A-Z of West Ham United – F is for…
We continue our alphabetic journey through 125 years of West Ham United history with a legendary manager, a prolific but relatively unknown goalscorer and football under the famous Boleyn Ground floodlights…
The Fenton brothers, Ted and Benny, became the fourth set of siblings to represent West Ham United when they appeared in the years before the Second World War.
Ted, the elder by four years, having been born in West Ham in 1914, later became the Club’s third manager in the summer of 1950. A wing-half for the Hammers between 1932 and 1946, Fenton had previously enjoyed a prolific schoolboy career with West Ham and England.
He played regularly in the Second Division in the seasons leading up to the outbreak of the Second World War, before he joined the Army and served as a physical training instructor in North Africa and Burma.

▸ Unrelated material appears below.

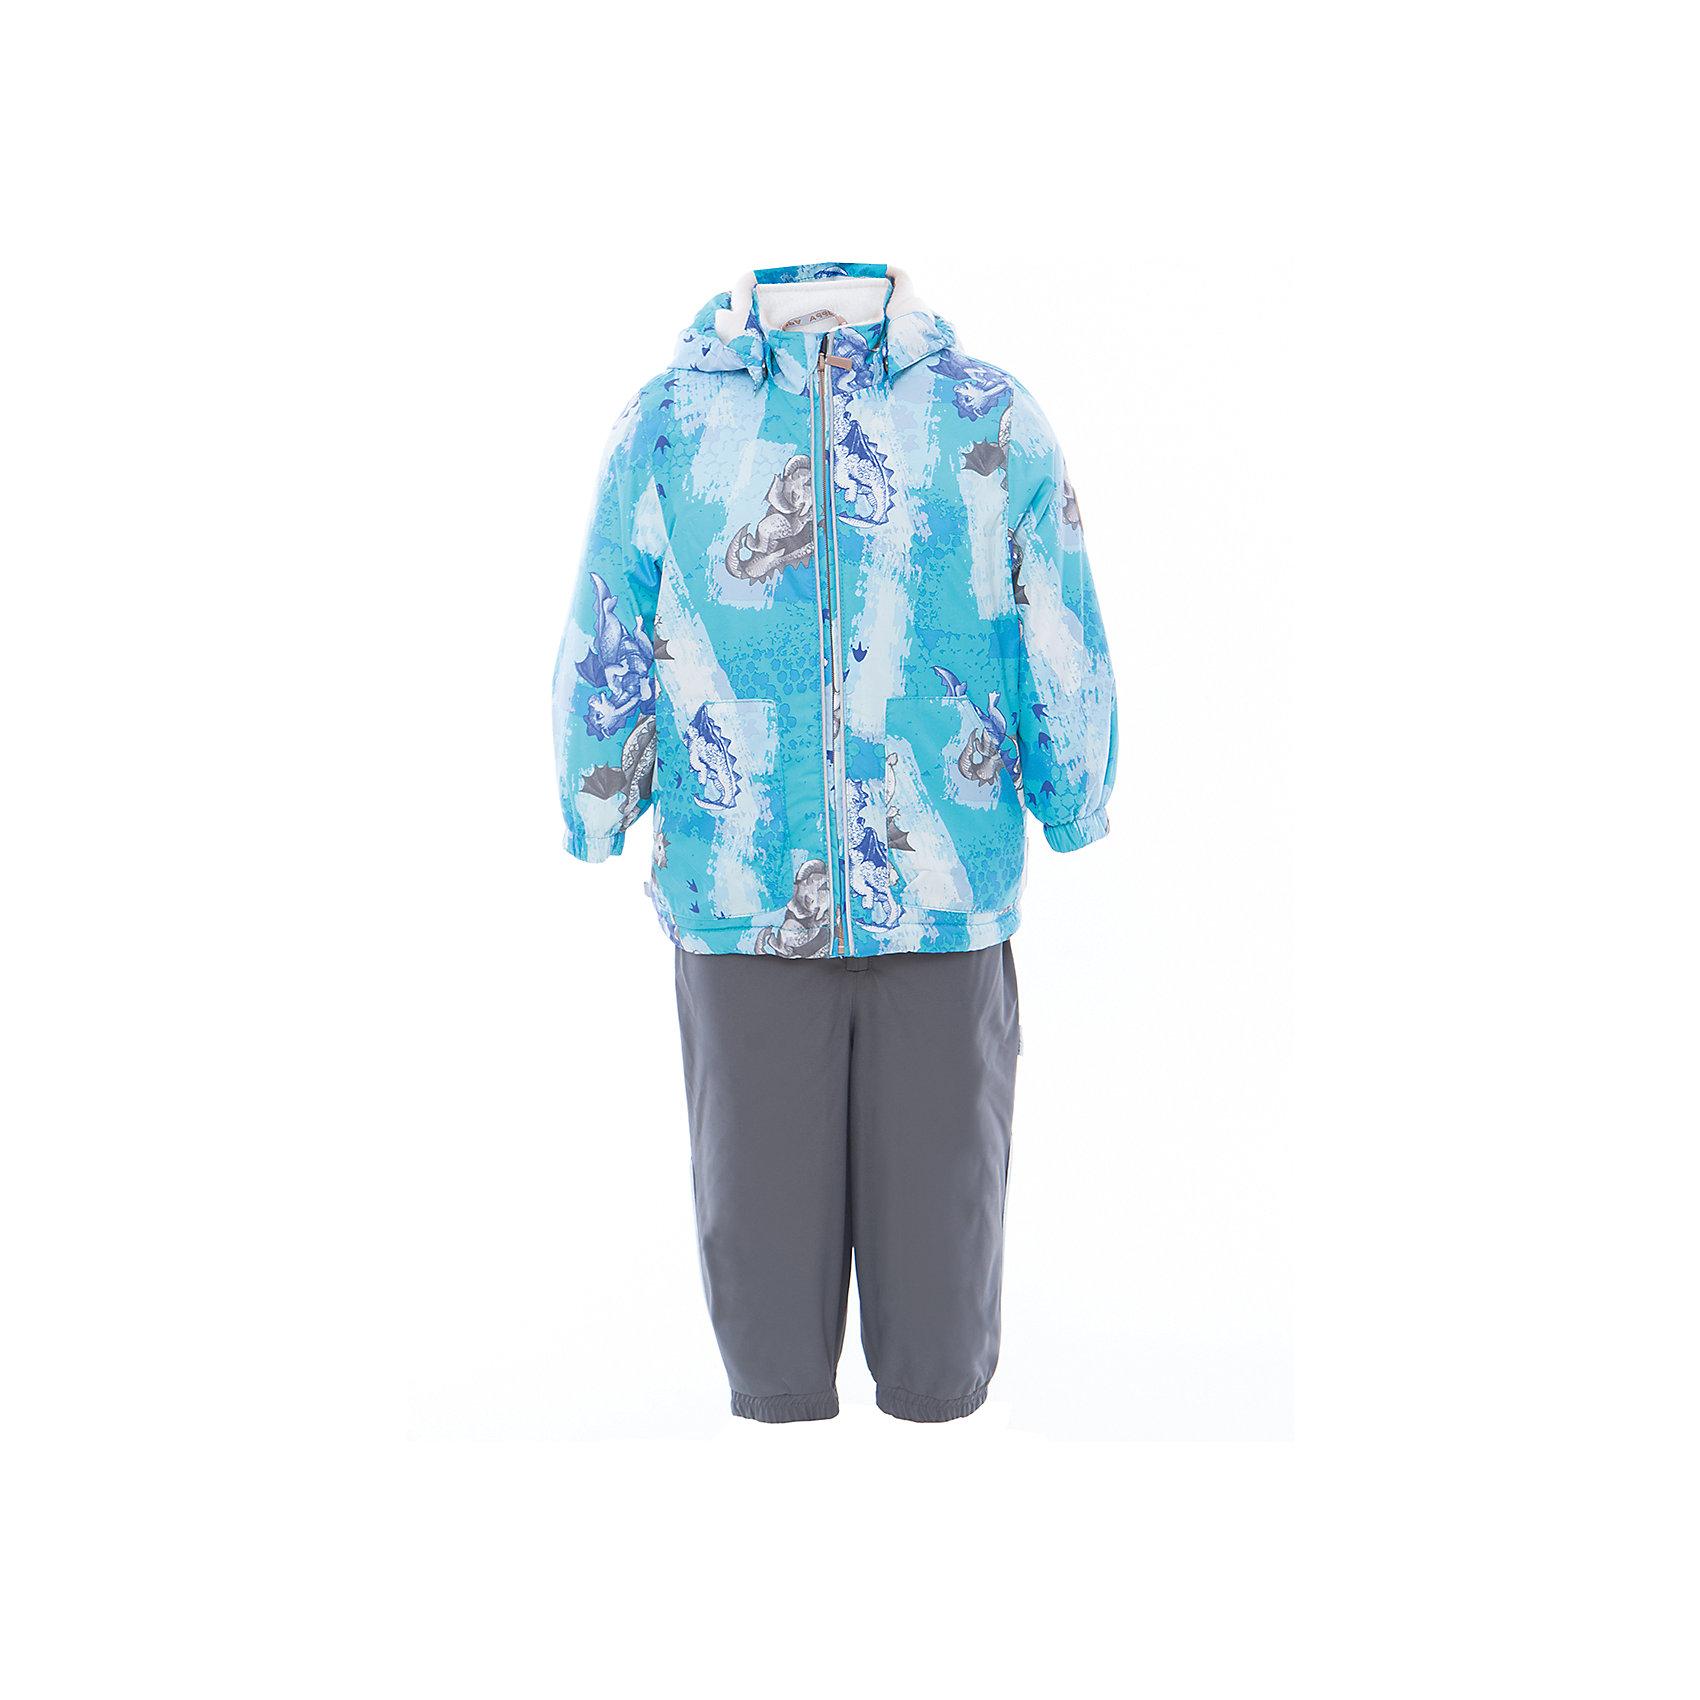 Комплект: куртка и полукомбинезон для мальчика CARLO HuppaВерхняя одежда<br>Характеристики товара:<br><br>• цвет: светло-голубой принт/серый<br>• комплектация: куртка и полукомбинезон <br>• ткань: 100% полиэстер<br>• подкладка: тафта - 100% полиэстер<br>• утеплитель: 100% полиэстер; куртка 100 г, полукомбинезон 40 г<br>• температурный режим: от -5°С до +10°С<br>• водонепроницаемость: верх - 5000 мм, низ - 10000 мм<br>• воздухопроницаемость: верх - 5000 мм, низ - 10000 мм<br>• светоотражающие детали<br>• шов сидения проклеен<br>• съёмный капюшон с резинкой<br>• эластичные манжеты на рукавах<br>• манжеты брюк с резинкой<br>• съёмные эластичные штрипки<br>• без внутренних швов<br>• резиновые подтяжки<br>• коллекция: весна-лето 2017<br>• страна бренда: Эстония<br><br>Такой модный демисезонный комплект  обеспечит детям тепло и комфорт. Он сделан из материала, отталкивающего воду, и дополнен подкладкой с утеплителем, поэтому изделие идеально подходит для межсезонья. Материал изделий - с мембранной технологией: защищая от влаги и ветра, он легко выводит лишнюю влагу наружу. Комплект очень симпатично смотрится. <br><br>Одежда и обувь от популярного эстонского бренда Huppa - отличный вариант одеть ребенка можно и комфортно. Вещи, выпускаемые компанией, качественные, продуманные и очень удобные. Для производства изделий используются только безопасные для детей материалы. Продукция от Huppa порадует и детей, и их родителей!<br><br>Комплект: куртка и полукомбинезон для мальчика CARLO от бренда Huppa (Хуппа) можно купить в нашем интернет-магазине.<br><br>Ширина мм: 356<br>Глубина мм: 10<br>Высота мм: 245<br>Вес г: 519<br>Цвет: синий<br>Возраст от месяцев: 48<br>Возраст до месяцев: 60<br>Пол: Мужской<br>Возраст: Детский<br>Размер: 110,104,98,92,86,80<br>SKU: 5346690

In all, Fenton had played 179 senior competitive matches and 204 war-time fixtures for the Hammers – the last of which came at Arsenal in May 1946.
On hanging up his boots, Fenton left the Boleyn Ground to become player/manager at Colchester United in 1946, before returning to assist Charlie Paynter two years later.
In 1950, Fenton (pictured, above, at his desk at the Boleyn Ground) was appointed manager and set about building what has since become known the world over as ‘The Academy of Football’ – the scouting and development of outstanding players.
Working with his captain Malcolm Allison, Fenton instilled new tactics and philosophies on and off the pitch, resulting in an attractive ‘West Ham Way’ of both living and playing the game of football.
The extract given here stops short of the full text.